> _What the task asks_:
From the data that follows, print exactly the lines starting at the one containing "who sales gay pride shirts" and ending at the one containing "Illustration thème du"; include both of them and nothing more.

Content starts

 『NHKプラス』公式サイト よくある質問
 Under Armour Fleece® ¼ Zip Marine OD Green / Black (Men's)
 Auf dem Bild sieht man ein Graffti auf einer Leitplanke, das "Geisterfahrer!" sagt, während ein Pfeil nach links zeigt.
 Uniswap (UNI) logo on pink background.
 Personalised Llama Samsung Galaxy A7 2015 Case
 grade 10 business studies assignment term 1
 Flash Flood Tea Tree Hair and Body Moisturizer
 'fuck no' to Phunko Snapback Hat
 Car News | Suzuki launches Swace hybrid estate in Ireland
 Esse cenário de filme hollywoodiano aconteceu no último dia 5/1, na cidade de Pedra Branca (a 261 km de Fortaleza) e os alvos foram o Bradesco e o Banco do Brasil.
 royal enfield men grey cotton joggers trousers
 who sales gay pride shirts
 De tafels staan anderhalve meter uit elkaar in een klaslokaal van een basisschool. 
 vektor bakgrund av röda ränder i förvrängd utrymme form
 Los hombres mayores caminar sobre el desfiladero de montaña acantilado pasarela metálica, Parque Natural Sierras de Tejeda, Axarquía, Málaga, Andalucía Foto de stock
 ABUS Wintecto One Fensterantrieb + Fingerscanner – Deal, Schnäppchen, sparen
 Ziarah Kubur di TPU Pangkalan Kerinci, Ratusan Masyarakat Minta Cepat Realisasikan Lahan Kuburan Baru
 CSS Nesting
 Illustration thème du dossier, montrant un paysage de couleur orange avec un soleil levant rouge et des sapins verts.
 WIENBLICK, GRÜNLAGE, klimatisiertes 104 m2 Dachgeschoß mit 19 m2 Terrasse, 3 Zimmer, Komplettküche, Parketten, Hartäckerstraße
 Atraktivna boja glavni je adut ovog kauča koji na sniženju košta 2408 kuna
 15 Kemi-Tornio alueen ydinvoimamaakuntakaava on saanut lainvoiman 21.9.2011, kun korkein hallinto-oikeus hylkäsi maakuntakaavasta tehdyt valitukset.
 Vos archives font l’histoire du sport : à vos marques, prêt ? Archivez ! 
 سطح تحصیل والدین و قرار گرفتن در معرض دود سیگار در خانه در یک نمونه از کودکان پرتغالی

Content ends

> _Finished task_:
 who sales gay pride shirts
 De tafels staan anderhalve meter uit elkaar in een klaslokaal van een basisschool. 
 vektor bakgrund av röda ränder i förvrängd utrymme form
 Los hombres mayores caminar sobre el desfiladero de montaña acantilado pasarela metálica, Parque Natural Sierras de Tejeda, Axarquía, Málaga, Andalucía Foto de stock
 ABUS Wintecto One Fensterantrieb + Fingerscanner – Deal, Schnäppchen, sparen
 Ziarah Kubur di TPU Pangkalan Kerinci, Ratusan Masyarakat Minta Cepat Realisasikan Lahan Kuburan Baru
 CSS Nesting
 Illustration thème du dossier, montrant un paysage de couleur orange avec un soleil levant rouge et des sapins verts.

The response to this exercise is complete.